**Given records:**

------------------------

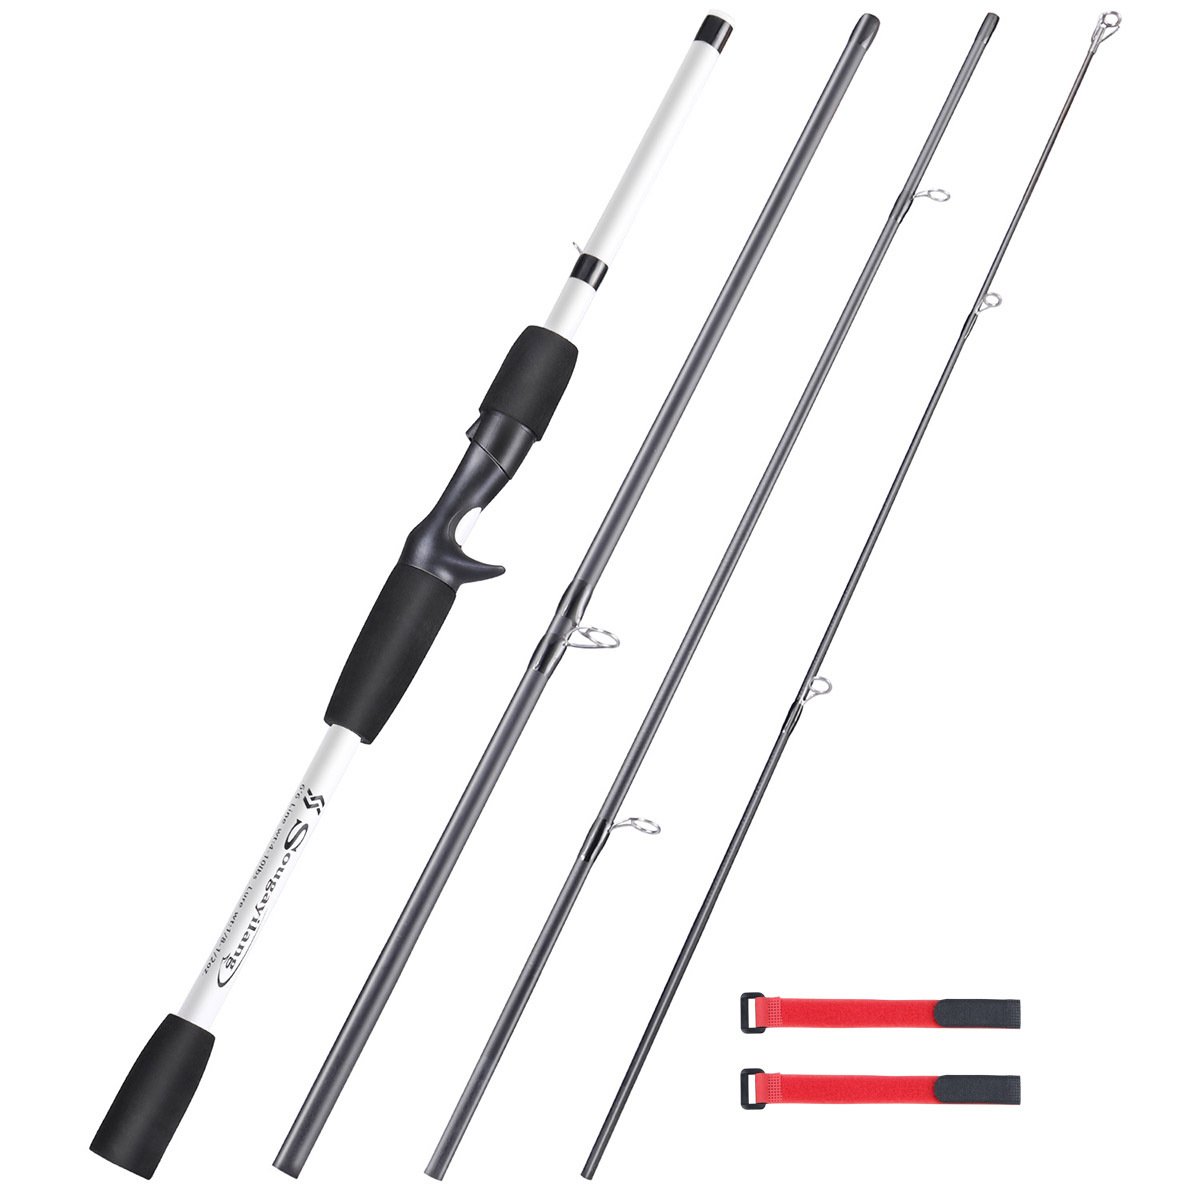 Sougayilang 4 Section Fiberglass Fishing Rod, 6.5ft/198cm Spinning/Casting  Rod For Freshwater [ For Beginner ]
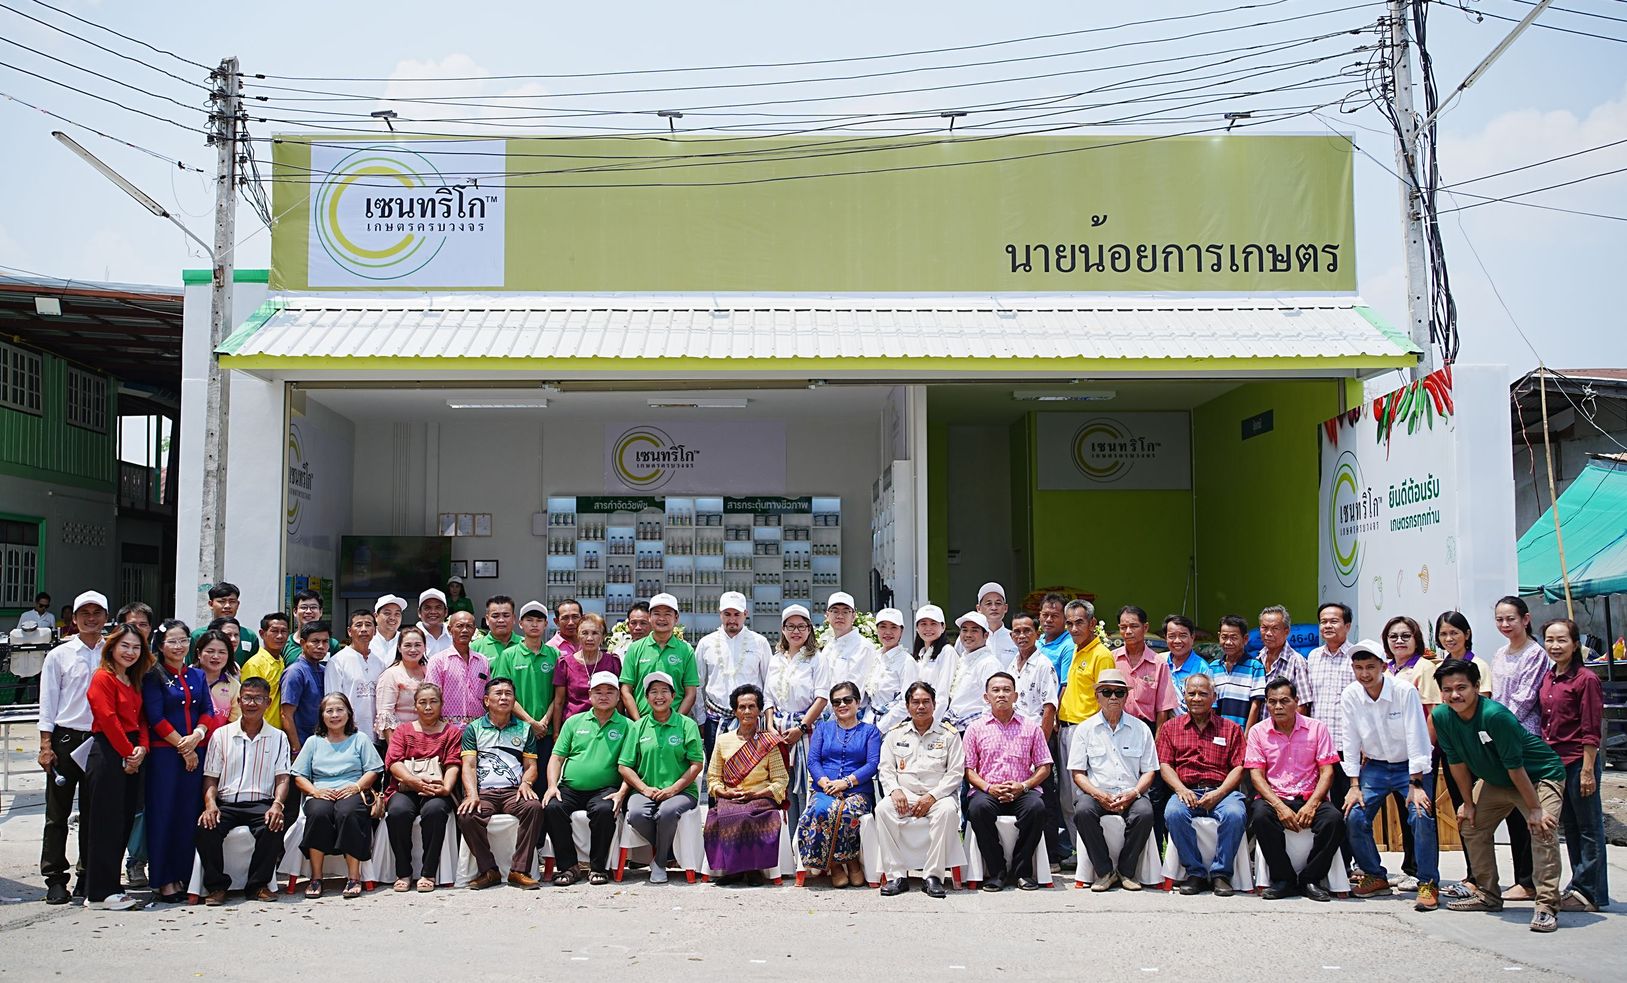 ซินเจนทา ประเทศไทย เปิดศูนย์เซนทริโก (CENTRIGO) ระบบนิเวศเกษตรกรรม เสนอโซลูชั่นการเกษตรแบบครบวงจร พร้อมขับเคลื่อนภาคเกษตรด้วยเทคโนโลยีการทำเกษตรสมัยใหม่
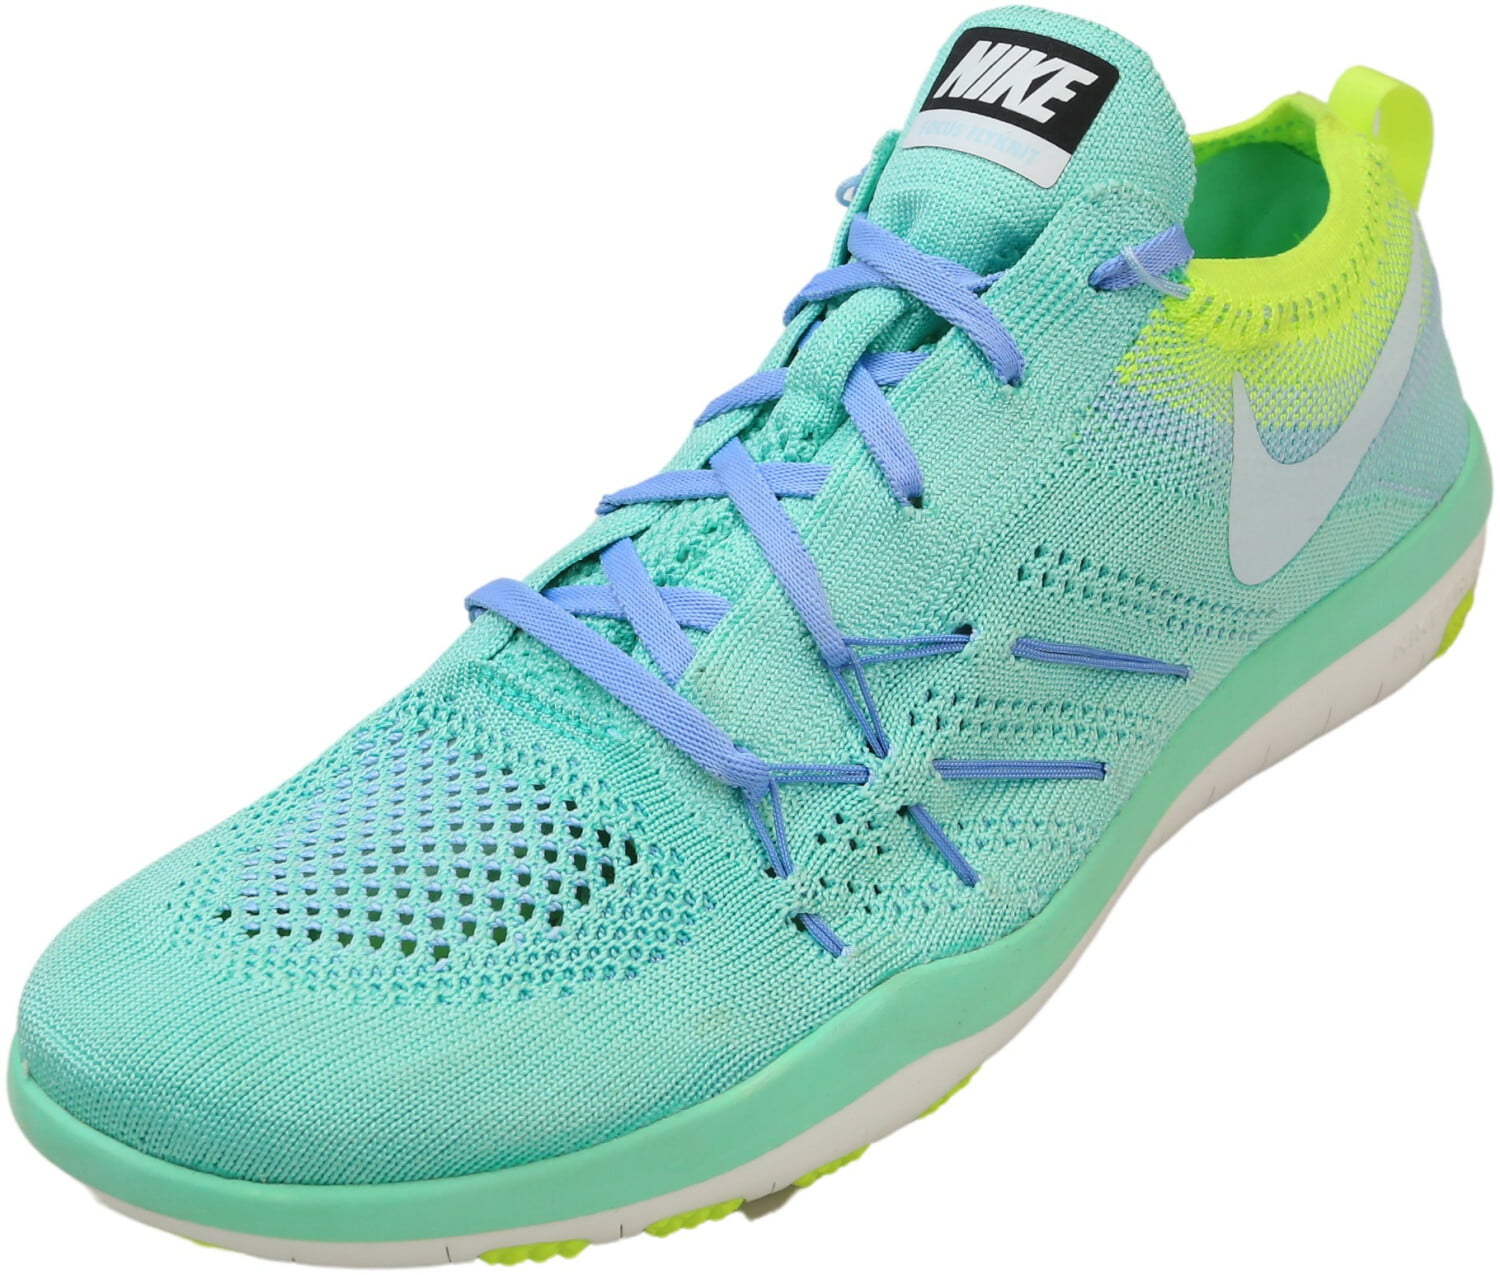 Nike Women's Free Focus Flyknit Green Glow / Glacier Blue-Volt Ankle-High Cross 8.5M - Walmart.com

------------------------

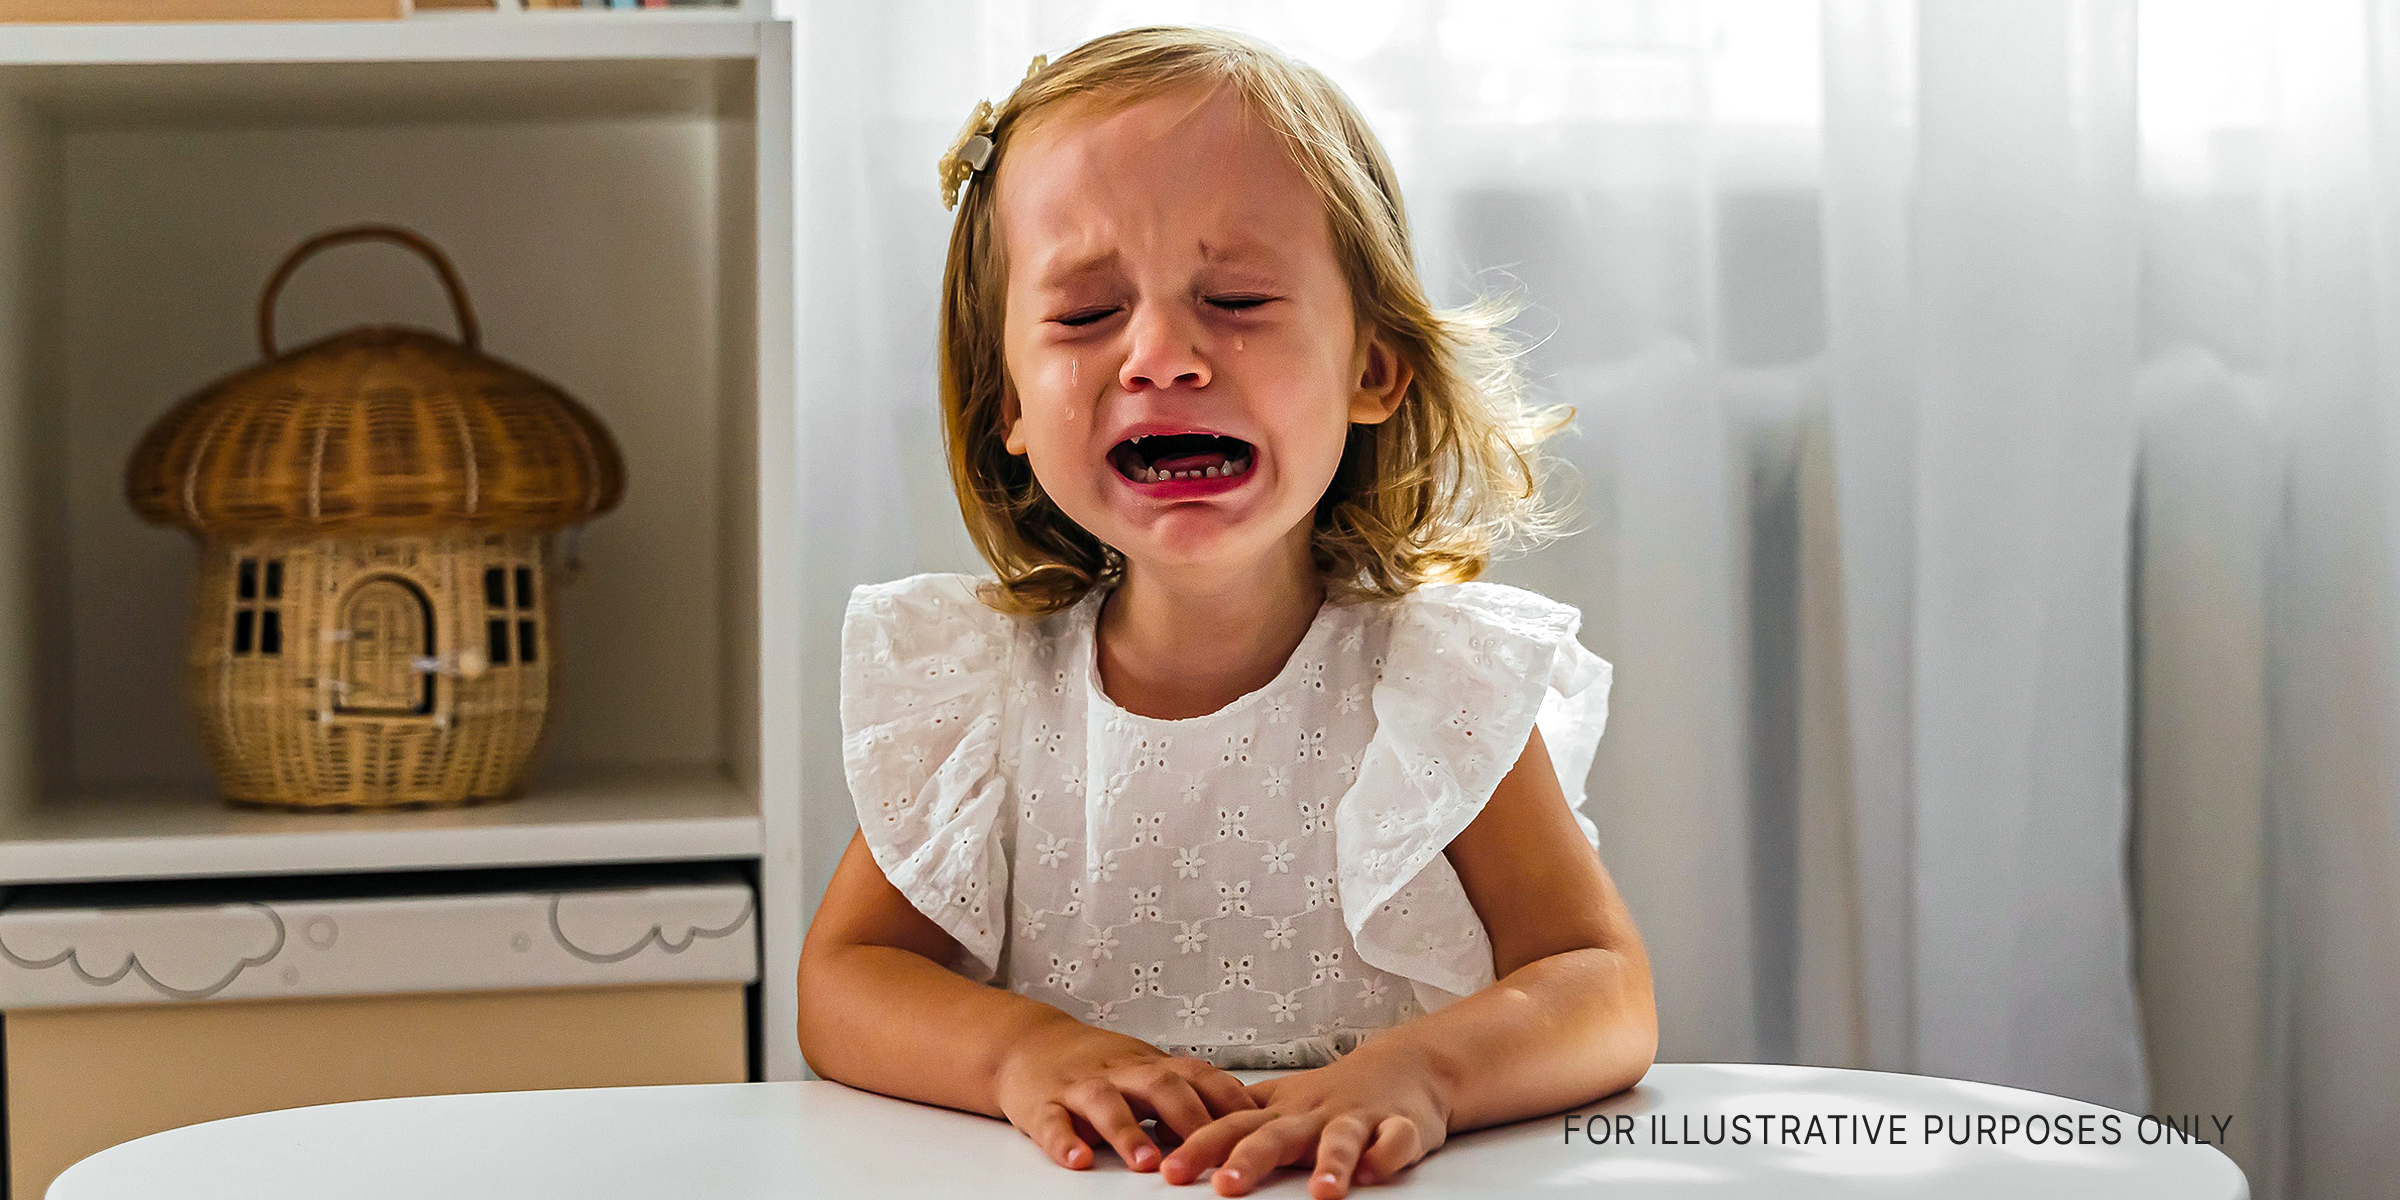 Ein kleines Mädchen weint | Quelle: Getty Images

------------------------

**What to produce:**
Although pictures appear among the records above, write out exactly only the lines from the one that has "ซินเจนทา ประเทศไทย เปิดศูนย์เซนทริโก" through the one that has "Nike Women's Free", and leave the pictures out.

**Answer for this exercise:**
 ซินเจนทา ประเทศไทย เปิดศูนย์เซนทริโก (CENTRIGO) ระบบนิเวศเกษตรกรรม เสนอโซลูชั่นการเกษตรแบบครบวงจร พร้อมขับเคลื่อนภาคเกษตรด้วยเทคโนโลยีการทำเกษตรสมัยใหม่
 Nike Women's Free Focus Flyknit Green Glow / Glacier Blue-Volt Ankle-High Cross 8.5M - Walmart.com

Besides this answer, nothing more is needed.